What exactly are niosomes, and how are they being used in the context of malaria treatment?

Niosomes are tiny vesicles, similar to liposomes, made from components like Tween 80, cholesterol, and stearylamine. These components form a bilayered structure capable of encapsulating drugs. They're being explored as a way to deliver anti-malarial drugs more effectively. Unlike traditional drug delivery methods, niosomes can improve drug absorption, reduce toxicity, and protect drugs from degradation, which could lead to better treatment outcomes for diseases like malaria.

How was the effectiveness of niosomes, carrying curcumin and primaquine, evaluated in the study?

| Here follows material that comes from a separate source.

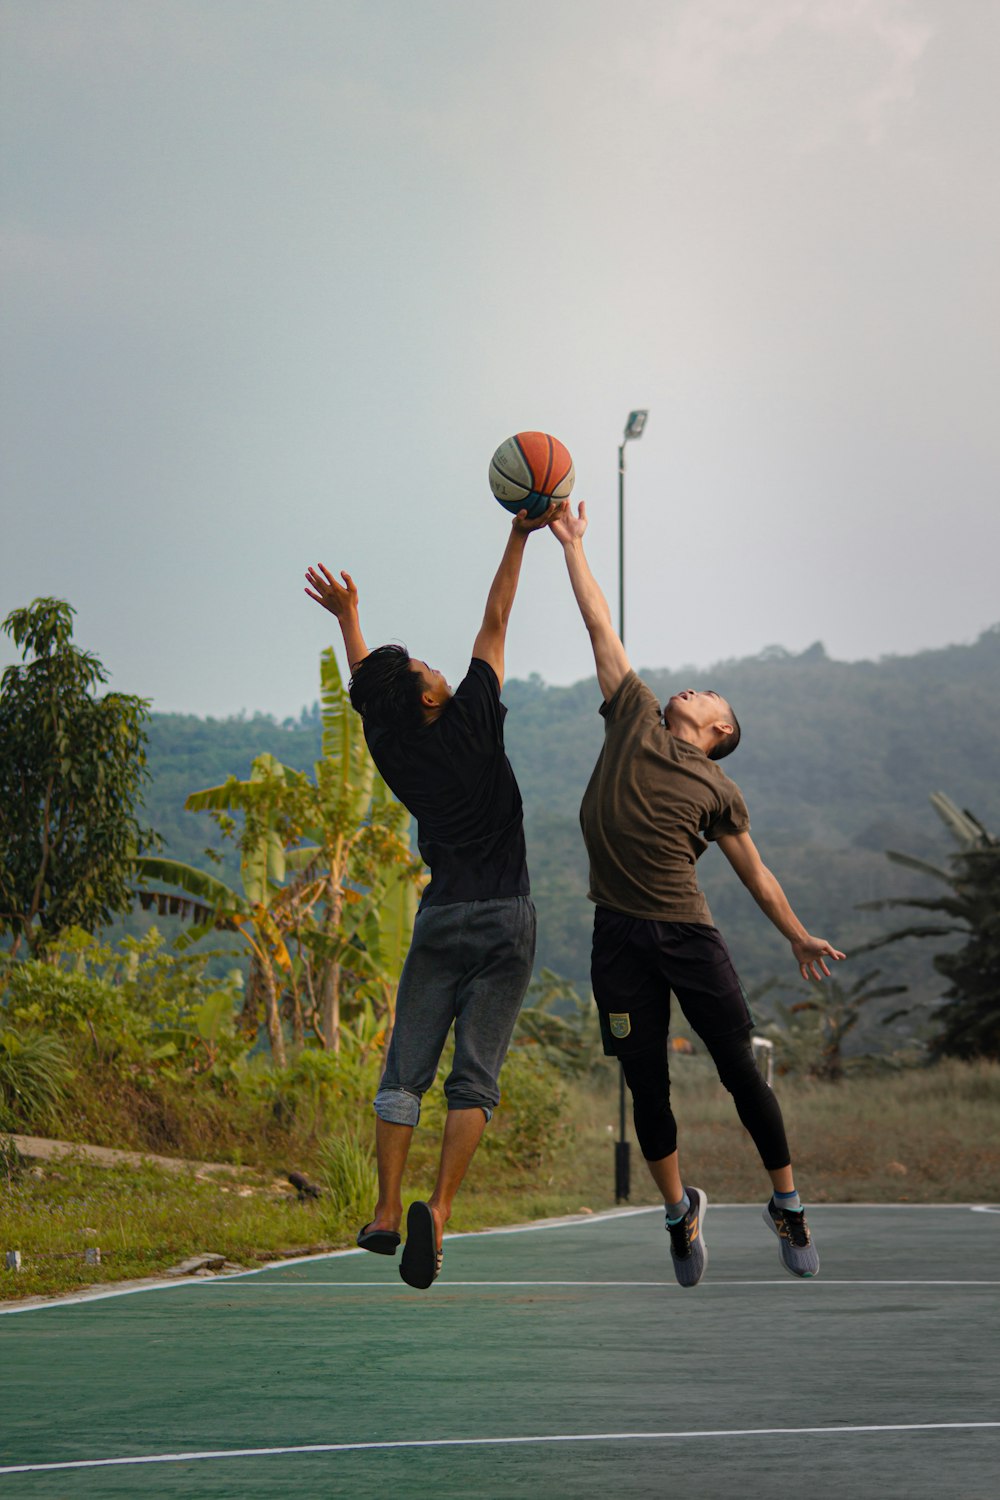 Dos jóvenes jugando baloncesto en una cancha de baloncesto

The research explored the use of niosomes to co-deliver curcumin and primaquine. Curcumin and primaquine were encapsulated within the niosomes, and this combination was tested in mice infected with Plasmodium berghei. The results indicated that this approach enhanced the anti-malarial activity and survival rates compared to using the drugs individually. The co-delivery is important, as it could improve efficacy and potentially reduce the dosage needed for each drug, lowering the risk of side effects.

What were the key characteristics of the niosomes used in the study, such as size, charge, and drug release profile, and why are these important?

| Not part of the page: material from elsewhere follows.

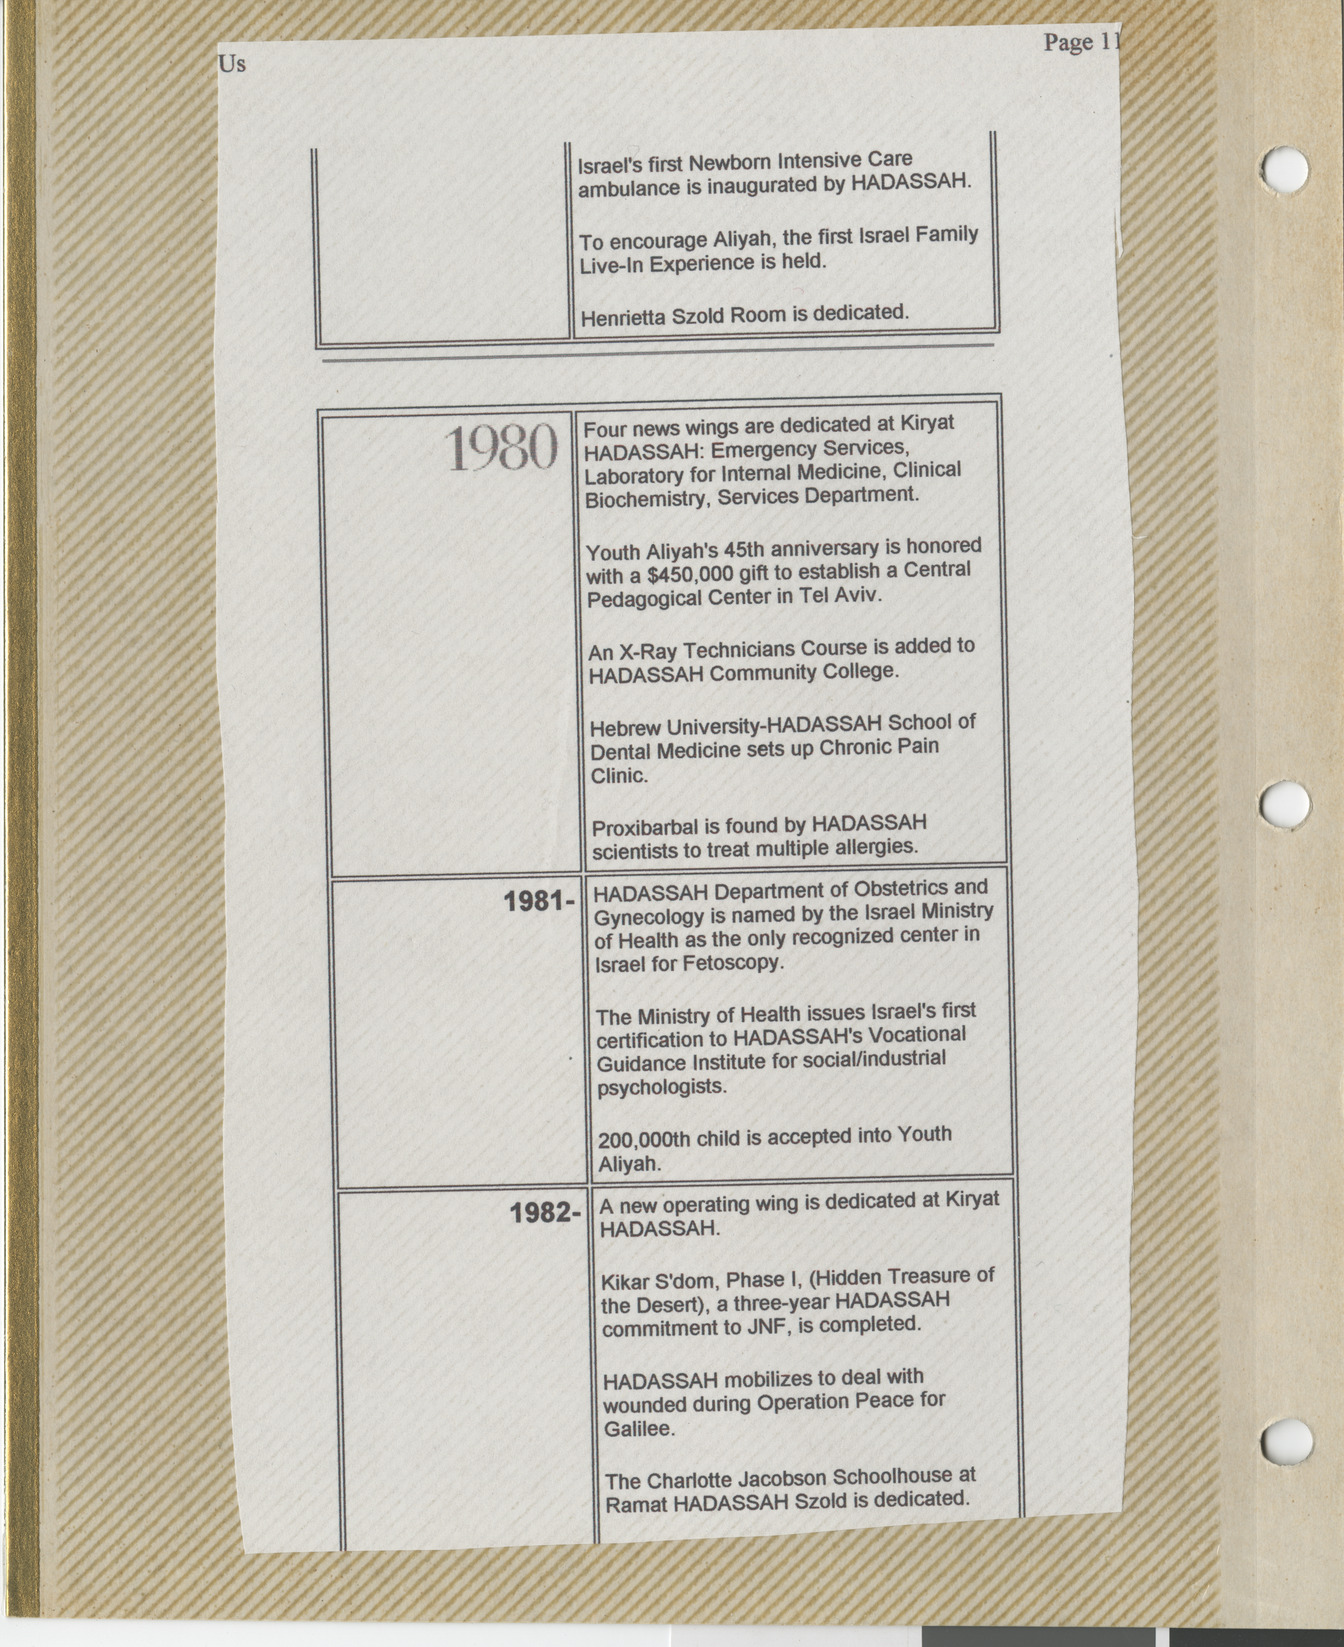 Clipping, Hadassah timeline 1980-1982

The study showed that niosomes encapsulating curcumin and primaquine had a size of around 220 nm. They also exhibited a positive zeta potential, indicating good stability and preventing aggregation of the vesicles. In vitro studies demonstrated a sustained release of both drugs, with an initial burst release of primaquine followed by a more gradual release. Haemocompatibility studies suggested that the niosome formulation was reasonably safe for intravenous administration. These characteristics are critical for ensuring that the drugs are effectively delivered to the site of infection and that the treatment is safe for the patient.

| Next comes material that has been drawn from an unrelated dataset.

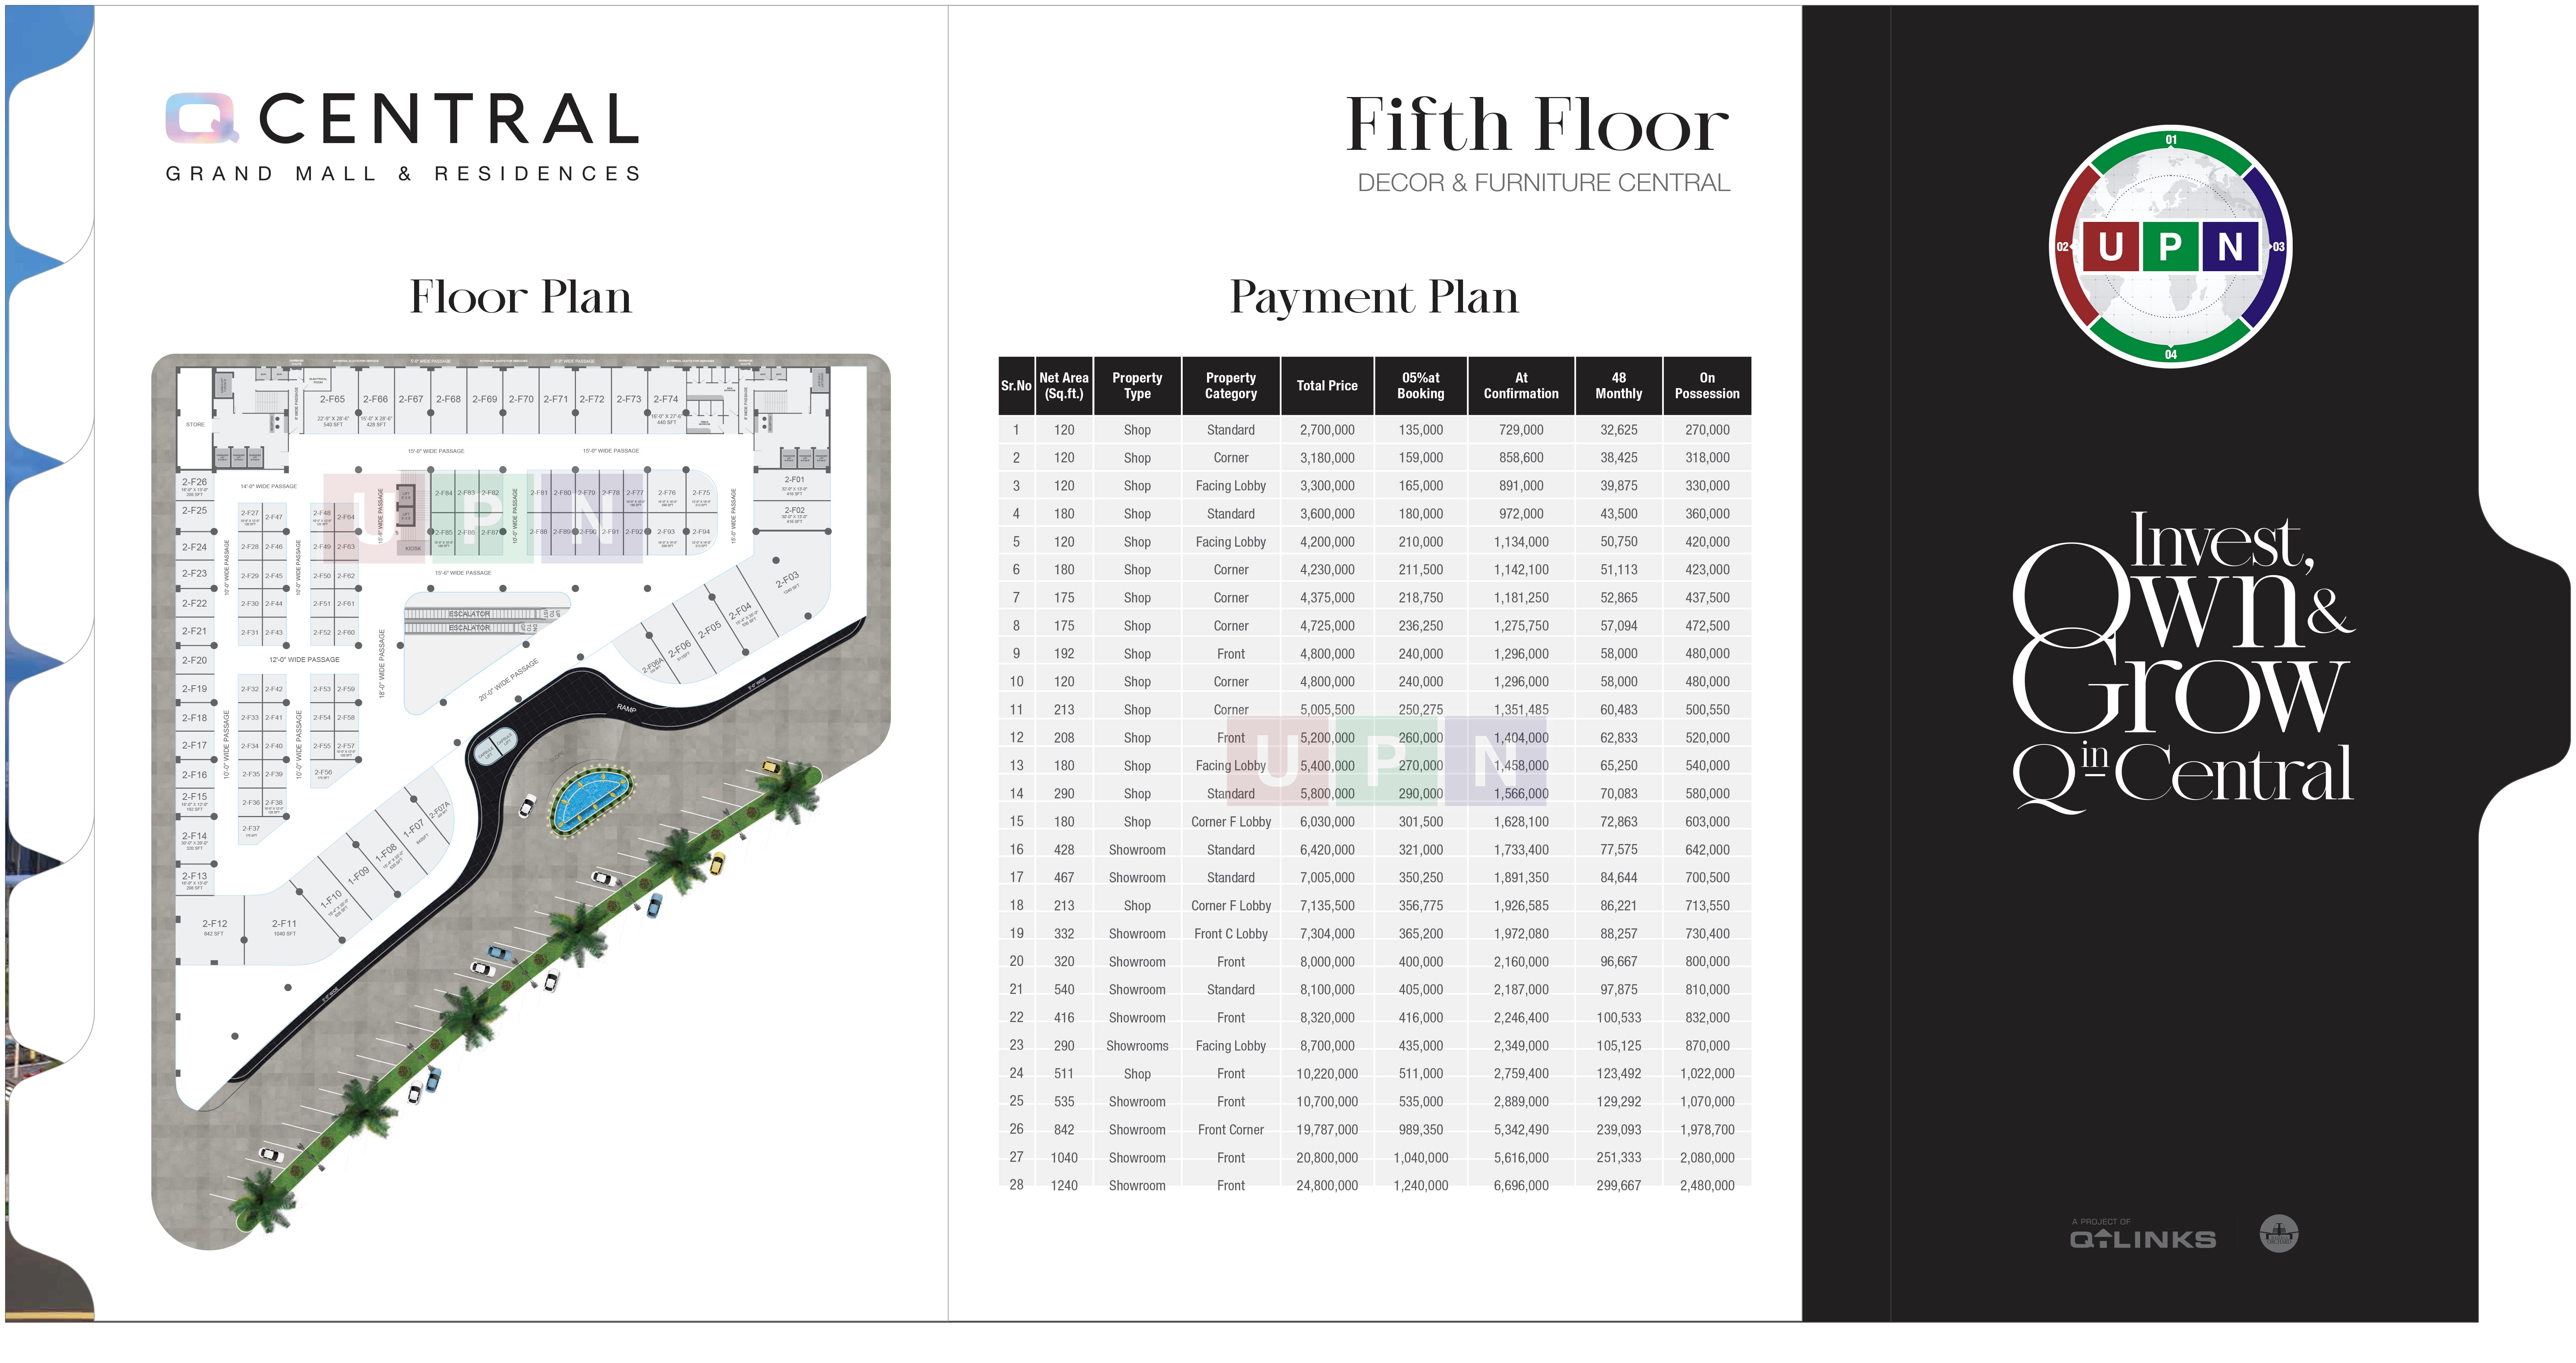 Fifth Floor Payment Plan

Why is drug resistance such a big problem in malaria treatment, and how might niosomes help overcome this challenge?

Drug resistance poses a significant threat to the effectiveness of malaria treatments. Traditional anti-malarial drugs are becoming less effective, urging the need for alternative solutions. Niosomes offer a potential way to combat drug resistance by improving drug delivery and efficacy. By encapsulating and co-delivering drugs like curcumin and primaquine, niosomes can overcome some of the mechanisms of drug resistance, potentially restoring the effectiveness of older drugs or allowing for the use of lower doses. This is vital for ensuring that malaria remains a treatable disease.

I understand that combination therapies are important for treating malaria. How do niosomes fit into this approach, particularly with drugs like curcumin and primaquine?

Combination therapies, involving two or more drugs targeting different aspects of the parasite's life cycle, have been recommended. One such drug is primaquine, effective against dormant and transmissible stages of the parasite. Researchers are exploring innovative drug delivery systems to enhance anti-malarial treatments. Niosomes offer a promising avenue to co-deliver curcumin and primaquine, aiming to improve effectiveness and reduce side effects. This approach allows for a synergistic effect, where the drugs work together to combat the parasite more effectively, while also potentially reducing the risk of drug resistance.